I was out doing farm land inspections for work this morning and couldn't believe what i saw about 40 miles from minot....5 mule deer. 3 bucks, a doe and a fawn all hanging together. And i believe one of the bucks to be a cross breed....that does happen right?? It had a perfectly round tail about 13-15 inches long that was all white except for the last 3-5 inches which was black. And it just hung there dangling. Even when they started hopping away it couldn't lift it like a whitetail...it was bizzare.
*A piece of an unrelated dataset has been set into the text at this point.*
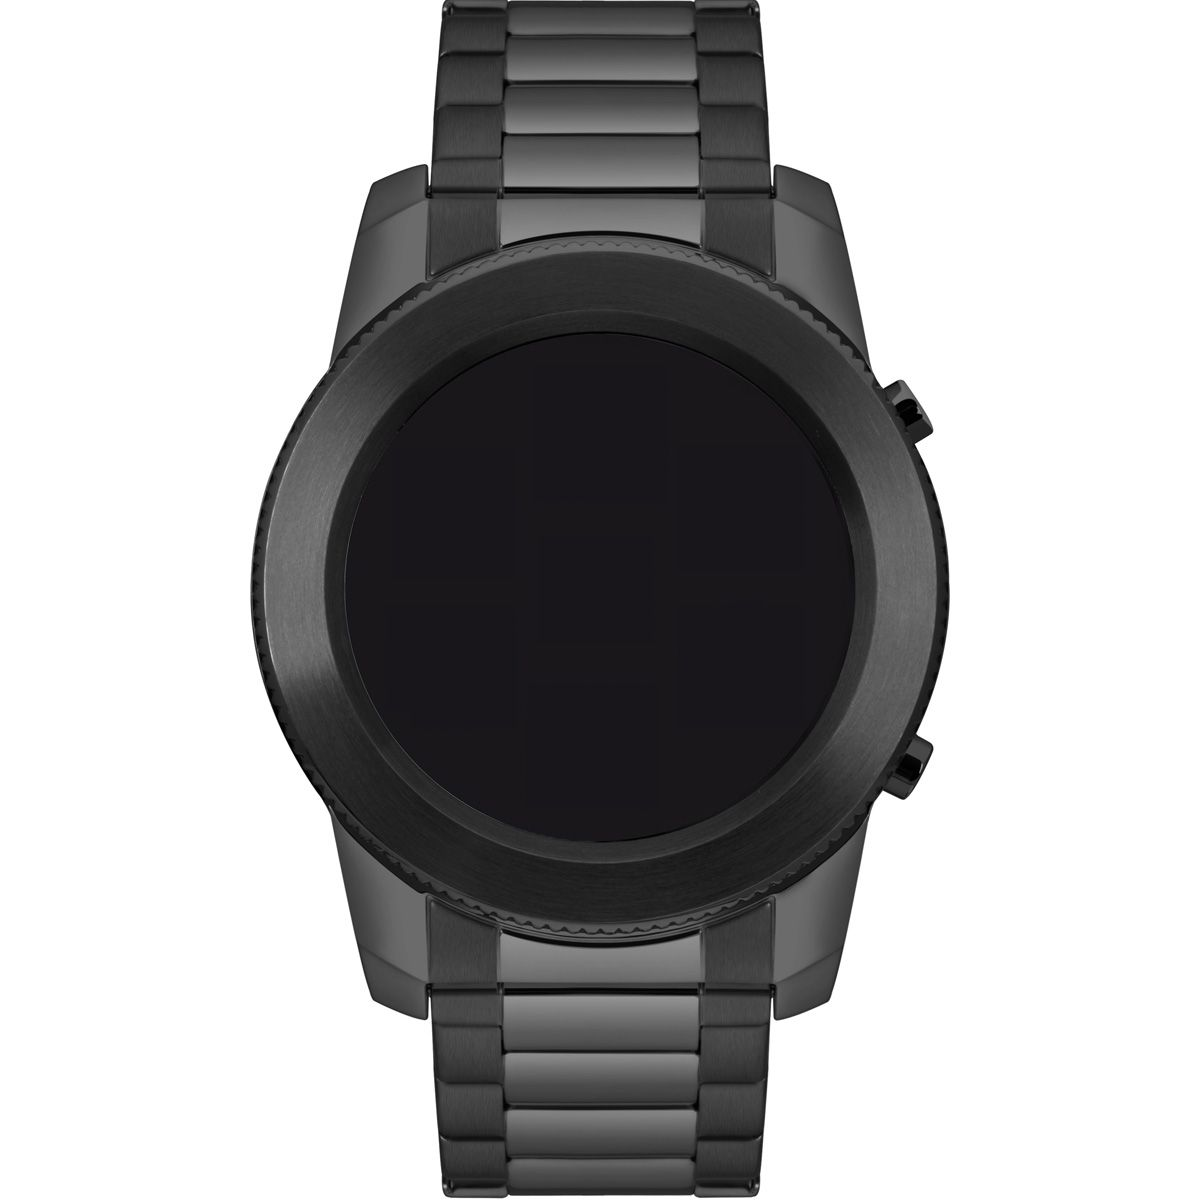 ... Relógio Masculino Technos Connect Smartwatch M1AB 4P Aço Preto -  Vitrino Relógios 31ba958083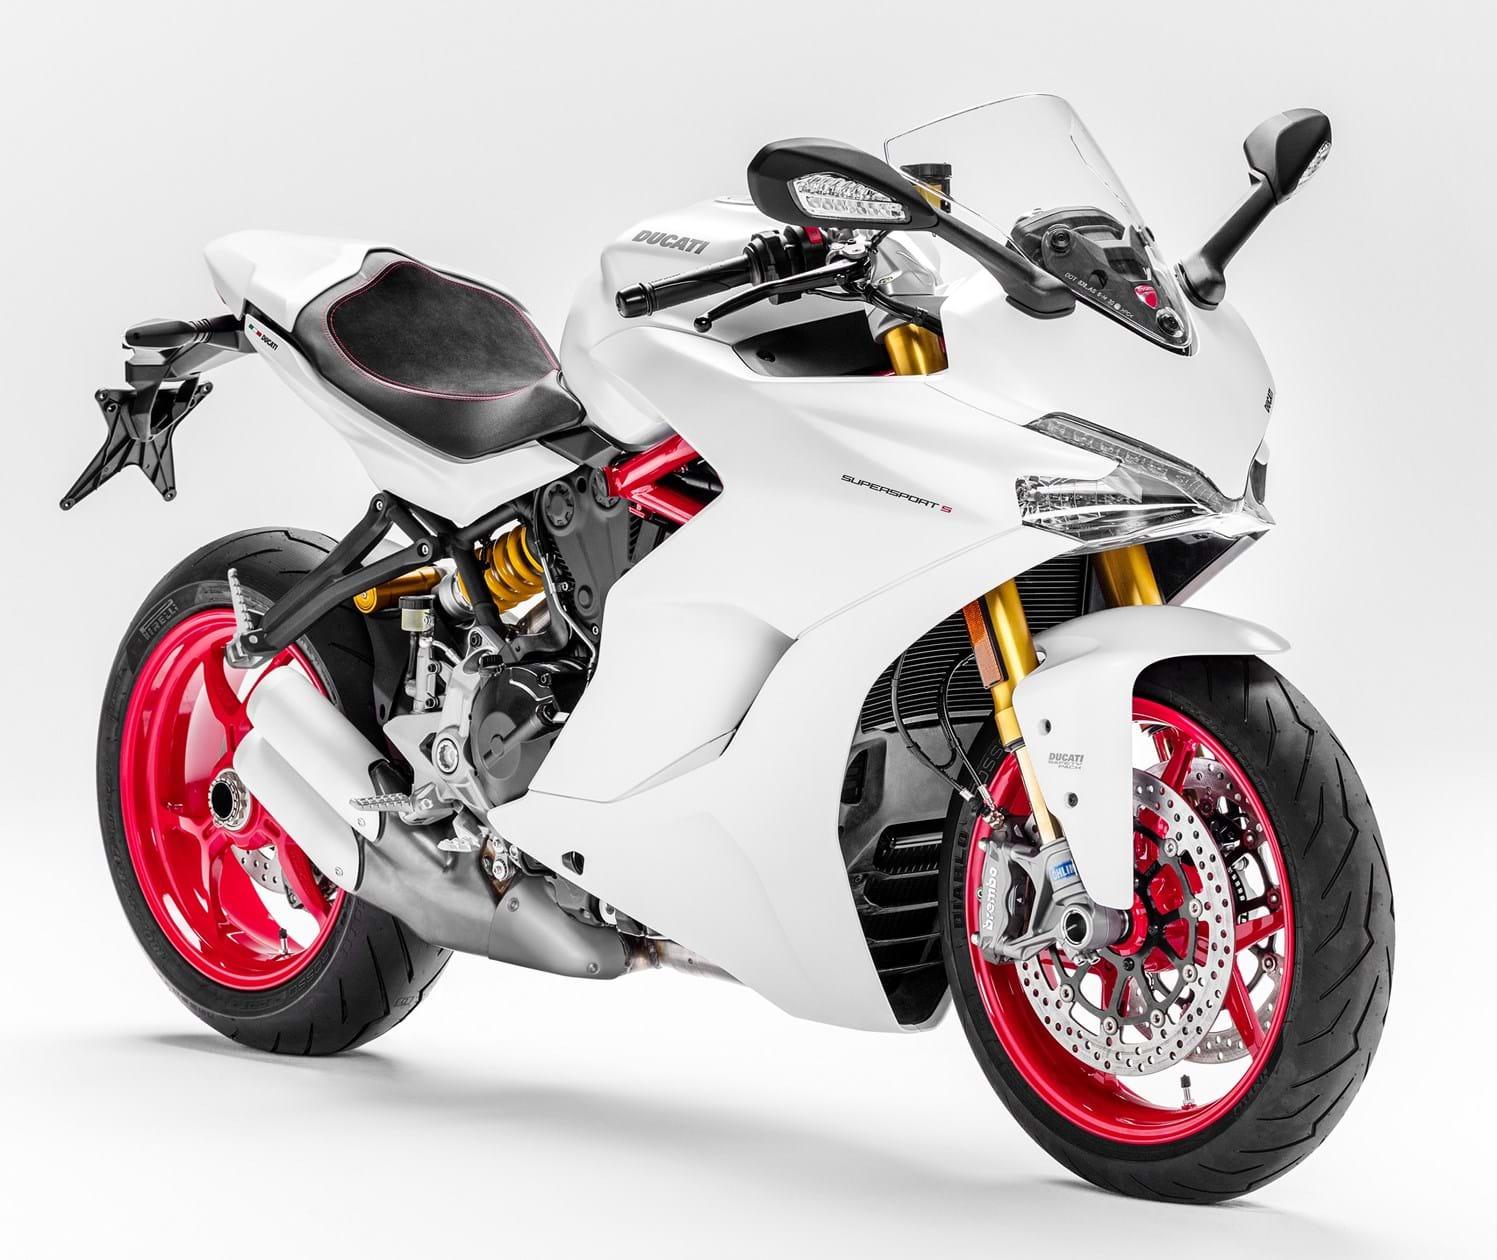 For Sale Ducati Supersport S The Bike Market

Also saw 2 moose.

It's amazing what a guy sees when he actually gets out of town!!!!


----------



## dblkluk (Oct 3, 2002)

Fishook, theres actually a small mule deer herd in trestle valley, not more than 6 miles from town.


----------



## Remmi_&amp;_I (Dec 2, 2003)

Lived in Minot for 20 years and never saw mule deer while out and about. Wish I would have seen them!


----------



## Ryan.Anderson (Oct 12, 2004)

I have read before that cross breading does happen. But mostly only whitetail bucks with muley does. That is due to the fact that the whitetails are fast enough to catch the muleys. The muledeer bucks just can't keep up with the whitetails. I don't remember what magazine that was in, but it was a well known one. I don't know if there's any truth to that, but I wouldn't doubt it. Pluss, muleys roam just like all other animals. I've seen a moose right off the interstate in fargo. So I believe that those deer you saw could be muleys, and there could even be a cross breed in there. I've even seen a picture of a cross breed deer, it had muley characteristics with whitetail horns. So it's uncommon, but not unheard of. If you're in one of the units that say "any antlered deer", I suggest you go for the cross bread one due to the fact that you'll probably never see one again.


----------



## fishhook (Aug 29, 2002)

I know they were muley's, i was only about 35 yards from em'. Alas, that is not my unit though, and they were all young anyway.


----------



## MossyMO (Feb 12, 2004)

fishhook

I have 3A2, is that the area you were in?


----------



## fishhook (Aug 29, 2002)

not sure...i'll have to check.


----------